The firms integrating generative AI into their products say they’re doing everything they can to protect security and privacy. Microsoft is keen to outline security and privacy considerations in its Recall product and the ability to control the feature in Settings > Privacy & security > Recall & snapshots.

Google says generative AI in Workspace “does not change our foundational privacy protections for giving users choice and control over their data,” and stipulates that information is not used for advertising.

OpenAI reiterates how it maintains security and privacy in its products, while enterprise versions are available with extra controls. “We want our AI models to learn about the world, not private individuals—and we take steps to protect people’s data and privacy,” an OpenAI spokesperson tells WIRED.

OpenAI says it offers ways to control how data is used, including self-service tools to access, export, and delete personal information, as well as the ability to opt out of use of content to improve its models.

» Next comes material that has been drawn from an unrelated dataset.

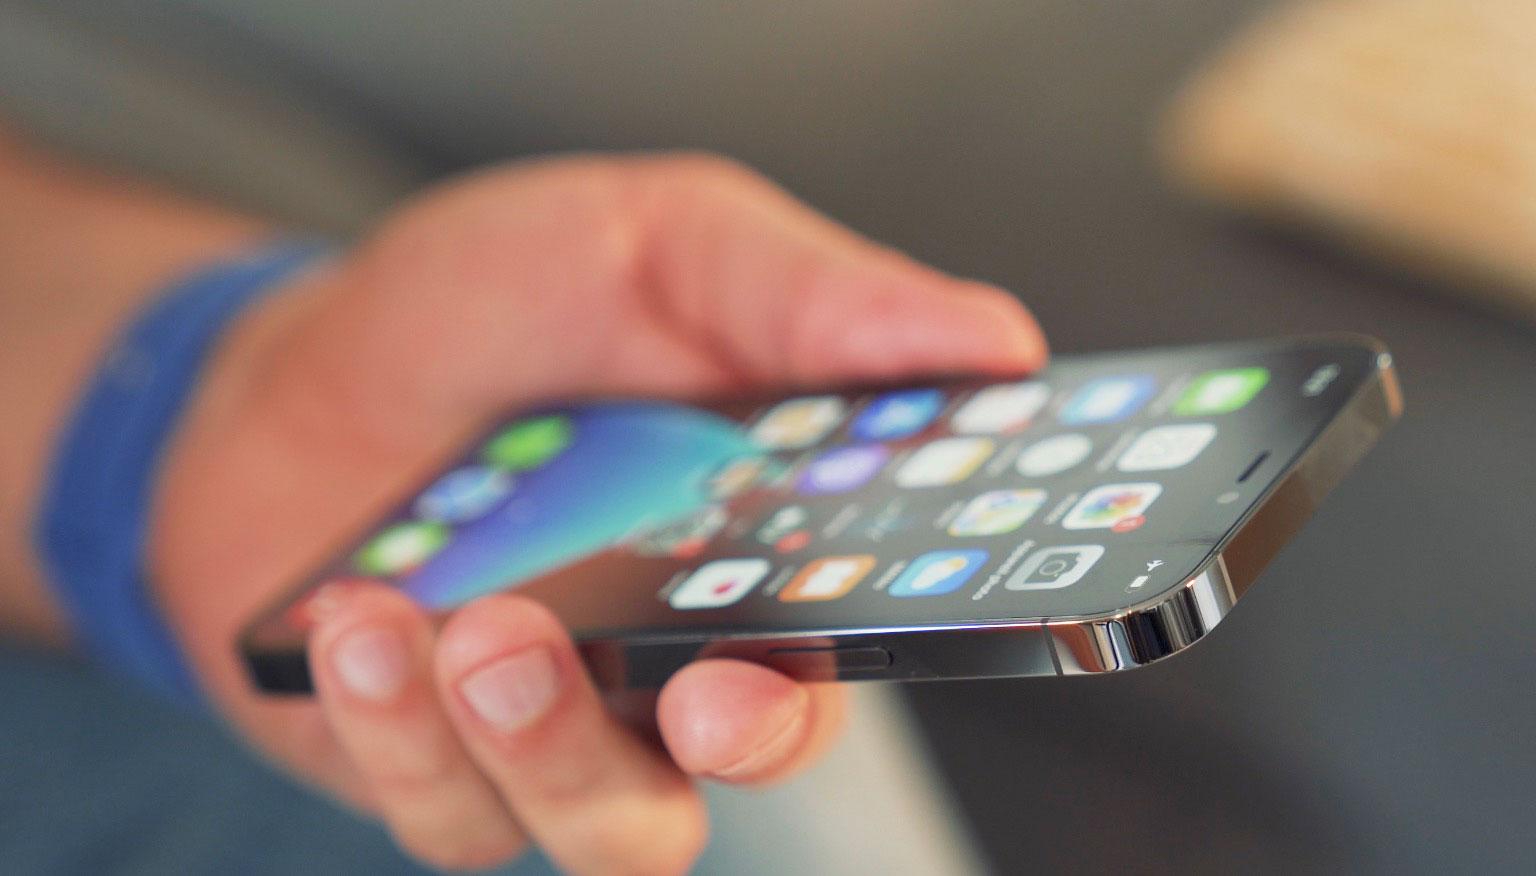 L'iPhone 12 Pro ne ressemble pas tout à fait à son prédécesseur

ChatGPT Team, ChatGPT Enterprise, and its API are not trained on data or conversations, and its models don’t learn from usage by default, according to the company.

Either way, it looks like your AI coworker is here to stay. As these systems become more sophisticated and omnipresent in the workplace, the risks are only going to intensify, says Woollven. “We're already seeing the emergence of multimodal AI such as GPT-4o that can analyze and generate images, audio, and video. So now it's not just text-based data that companies need to worry about safeguarding.”

With this in mind, people—and businesses—need to get in the mindset of treating AI like any other third-party service, says Woollven. “Don't share anything you wouldn't want publicly broadcasted.”